> **Prompt**
The entries should be written out again exactly as they read.

> **Material to process**

====

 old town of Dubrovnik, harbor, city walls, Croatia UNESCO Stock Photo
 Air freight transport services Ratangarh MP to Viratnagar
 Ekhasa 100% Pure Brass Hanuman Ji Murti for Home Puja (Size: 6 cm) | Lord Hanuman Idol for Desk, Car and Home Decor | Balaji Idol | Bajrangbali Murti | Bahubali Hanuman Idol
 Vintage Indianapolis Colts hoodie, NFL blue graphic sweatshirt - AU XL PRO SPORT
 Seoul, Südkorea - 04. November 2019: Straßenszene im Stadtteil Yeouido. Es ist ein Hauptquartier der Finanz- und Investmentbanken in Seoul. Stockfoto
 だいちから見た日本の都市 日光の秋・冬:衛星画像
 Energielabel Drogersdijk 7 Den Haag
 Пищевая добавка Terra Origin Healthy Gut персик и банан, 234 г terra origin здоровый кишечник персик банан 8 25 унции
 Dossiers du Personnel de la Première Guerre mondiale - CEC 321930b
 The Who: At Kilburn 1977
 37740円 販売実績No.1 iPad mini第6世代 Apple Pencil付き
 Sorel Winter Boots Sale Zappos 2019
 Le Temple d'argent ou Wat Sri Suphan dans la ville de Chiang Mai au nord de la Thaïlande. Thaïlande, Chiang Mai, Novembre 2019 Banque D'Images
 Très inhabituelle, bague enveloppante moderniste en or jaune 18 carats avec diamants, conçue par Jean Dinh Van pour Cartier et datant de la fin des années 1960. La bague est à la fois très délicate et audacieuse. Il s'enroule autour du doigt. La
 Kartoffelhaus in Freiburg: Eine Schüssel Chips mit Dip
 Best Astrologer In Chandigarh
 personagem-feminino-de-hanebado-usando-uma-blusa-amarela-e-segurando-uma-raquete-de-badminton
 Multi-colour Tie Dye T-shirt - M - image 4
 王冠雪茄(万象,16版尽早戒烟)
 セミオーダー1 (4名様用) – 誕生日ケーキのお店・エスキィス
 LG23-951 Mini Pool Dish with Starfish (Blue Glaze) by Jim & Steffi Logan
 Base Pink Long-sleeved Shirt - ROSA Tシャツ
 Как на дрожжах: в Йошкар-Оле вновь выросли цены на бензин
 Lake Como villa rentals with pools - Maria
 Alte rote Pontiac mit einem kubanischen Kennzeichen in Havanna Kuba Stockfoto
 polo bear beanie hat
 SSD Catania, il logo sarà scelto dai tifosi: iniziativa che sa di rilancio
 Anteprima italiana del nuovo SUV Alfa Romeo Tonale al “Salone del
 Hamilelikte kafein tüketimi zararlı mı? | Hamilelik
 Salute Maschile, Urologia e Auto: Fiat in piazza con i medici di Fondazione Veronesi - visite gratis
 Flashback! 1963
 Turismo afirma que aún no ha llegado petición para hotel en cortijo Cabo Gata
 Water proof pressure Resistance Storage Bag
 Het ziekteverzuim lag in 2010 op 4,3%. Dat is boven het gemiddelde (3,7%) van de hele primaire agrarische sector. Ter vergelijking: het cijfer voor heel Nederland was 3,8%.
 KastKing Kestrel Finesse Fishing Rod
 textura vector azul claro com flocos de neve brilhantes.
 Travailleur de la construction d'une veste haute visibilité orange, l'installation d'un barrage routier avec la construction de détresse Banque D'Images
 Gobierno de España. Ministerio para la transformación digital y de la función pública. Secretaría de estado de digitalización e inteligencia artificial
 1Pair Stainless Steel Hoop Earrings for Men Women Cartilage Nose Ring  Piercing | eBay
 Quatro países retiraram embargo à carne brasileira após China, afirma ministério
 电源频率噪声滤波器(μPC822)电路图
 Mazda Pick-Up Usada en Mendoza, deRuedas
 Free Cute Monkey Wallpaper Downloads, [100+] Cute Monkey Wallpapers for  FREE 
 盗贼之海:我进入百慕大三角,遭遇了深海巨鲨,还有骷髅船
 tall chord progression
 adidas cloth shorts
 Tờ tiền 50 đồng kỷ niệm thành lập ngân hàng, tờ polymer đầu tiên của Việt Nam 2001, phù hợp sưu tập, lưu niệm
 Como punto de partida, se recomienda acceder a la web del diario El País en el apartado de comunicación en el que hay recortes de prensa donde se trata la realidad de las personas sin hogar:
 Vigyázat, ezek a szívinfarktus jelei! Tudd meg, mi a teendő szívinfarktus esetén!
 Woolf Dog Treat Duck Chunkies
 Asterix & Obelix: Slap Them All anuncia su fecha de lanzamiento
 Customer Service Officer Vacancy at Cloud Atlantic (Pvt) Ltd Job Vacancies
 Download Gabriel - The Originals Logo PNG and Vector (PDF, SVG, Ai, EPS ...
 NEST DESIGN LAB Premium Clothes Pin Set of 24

====

> **Exercise response**
 old town of Dubrovnik, harbor, city walls, Croatia UNESCO Stock Photo
 Air freight transport services Ratangarh MP to Viratnagar
 Ekhasa 100% Pure Brass Hanuman Ji Murti for Home Puja (Size: 6 cm) | Lord Hanuman Idol for Desk, Car and Home Decor | Balaji Idol | Bajrangbali Murti | Bahubali Hanuman Idol
 Vintage Indianapolis Colts hoodie, NFL blue graphic sweatshirt - AU XL PRO SPORT
 Seoul, Südkorea - 04. November 2019: Straßenszene im Stadtteil Yeouido. Es ist ein Hauptquartier der Finanz- und Investmentbanken in Seoul. Stockfoto
 だいちから見た日本の都市 日光の秋・冬:衛星画像
 Energielabel Drogersdijk 7 Den Haag
 Пищевая добавка Terra Origin Healthy Gut персик и банан, 234 г terra origin здоровый кишечник персик банан 8 25 унции
 Dossiers du Personnel de la Première Guerre mondiale - CEC 321930b
 The Who: At Kilburn 1977
 37740円 販売実績No.1 iPad mini第6世代 Apple Pencil付き
 Sorel Winter Boots Sale Zappos 2019
 Le Temple d'argent ou Wat Sri Suphan dans la ville de Chiang Mai au nord de la Thaïlande. Thaïlande, Chiang Mai, Novembre 2019 Banque D'Images
 Très inhabituelle, bague enveloppante moderniste en or jaune 18 carats avec diamants, conçue par Jean Dinh Van pour Cartier et datant de la fin des années 1960. La bague est à la fois très délicate et audacieuse. Il s'enroule autour du doigt. La
 Kartoffelhaus in Freiburg: Eine Schüssel Chips mit Dip
 Best Astrologer In Chandigarh
 personagem-feminino-de-hanebado-usando-uma-blusa-amarela-e-segurando-uma-raquete-de-badminton
 Multi-colour Tie Dye T-shirt - M - image 4
 王冠雪茄(万象,16版尽早戒烟)
 セミオーダー1 (4名様用) – 誕生日ケーキのお店・エスキィス
 LG23-951 Mini Pool Dish with Starfish (Blue Glaze) by Jim & Steffi Logan
 Base Pink Long-sleeved Shirt - ROSA Tシャツ
 Как на дрожжах: в Йошкар-Оле вновь выросли цены на бензин
 Lake Como villa rentals with pools - Maria
 Alte rote Pontiac mit einem kubanischen Kennzeichen in Havanna Kuba Stockfoto
 polo bear beanie hat
 SSD Catania, il logo sarà scelto dai tifosi: iniziativa che sa di rilancio
 Anteprima italiana del nuovo SUV Alfa Romeo Tonale al “Salone del
 Hamilelikte kafein tüketimi zararlı mı? | Hamilelik
 Salute Maschile, Urologia e Auto: Fiat in piazza con i medici di Fondazione Veronesi - visite gratis
 Flashback! 1963
 Turismo afirma que aún no ha llegado petición para hotel en cortijo Cabo Gata
 Water proof pressure Resistance Storage Bag
 Het ziekteverzuim lag in 2010 op 4,3%. Dat is boven het gemiddelde (3,7%) van de hele primaire agrarische sector. Ter vergelijking: het cijfer voor heel Nederland was 3,8%.
 KastKing Kestrel Finesse Fishing Rod
 textura vector azul claro com flocos de neve brilhantes.
 Travailleur de la construction d'une veste haute visibilité orange, l'installation d'un barrage routier avec la construction de détresse Banque D'Images
 Gobierno de España. Ministerio para la transformación digital y de la función pública. Secretaría de estado de digitalización e inteligencia artificial
 1Pair Stainless Steel Hoop Earrings for Men Women Cartilage Nose Ring  Piercing | eBay
 Quatro países retiraram embargo à carne brasileira após China, afirma ministério
 电源频率噪声滤波器(μPC822)电路图
 Mazda Pick-Up Usada en Mendoza, deRuedas
 Free Cute Monkey Wallpaper Downloads, [100+] Cute Monkey Wallpapers for  FREE 
 盗贼之海:我进入百慕大三角,遭遇了深海巨鲨,还有骷髅船
 tall chord progression
 adidas cloth shorts
 Tờ tiền 50 đồng kỷ niệm thành lập ngân hàng, tờ polymer đầu tiên của Việt Nam 2001, phù hợp sưu tập, lưu niệm
 Como punto de partida, se recomienda acceder a la web del diario El País en el apartado de comunicación en el que hay recortes de prensa donde se trata la realidad de las personas sin hogar:
 Vigyázat, ezek a szívinfarktus jelei! Tudd meg, mi a teendő szívinfarktus esetén!
 Woolf Dog Treat Duck Chunkies
 Asterix & Obelix: Slap Them All anuncia su fecha de lanzamiento
 Customer Service Officer Vacancy at Cloud Atlantic (Pvt) Ltd Job Vacancies
 Download Gabriel - The Originals Logo PNG and Vector (PDF, SVG, Ai, EPS ...
 NEST DESIGN LAB Premium Clothes Pin Set of 24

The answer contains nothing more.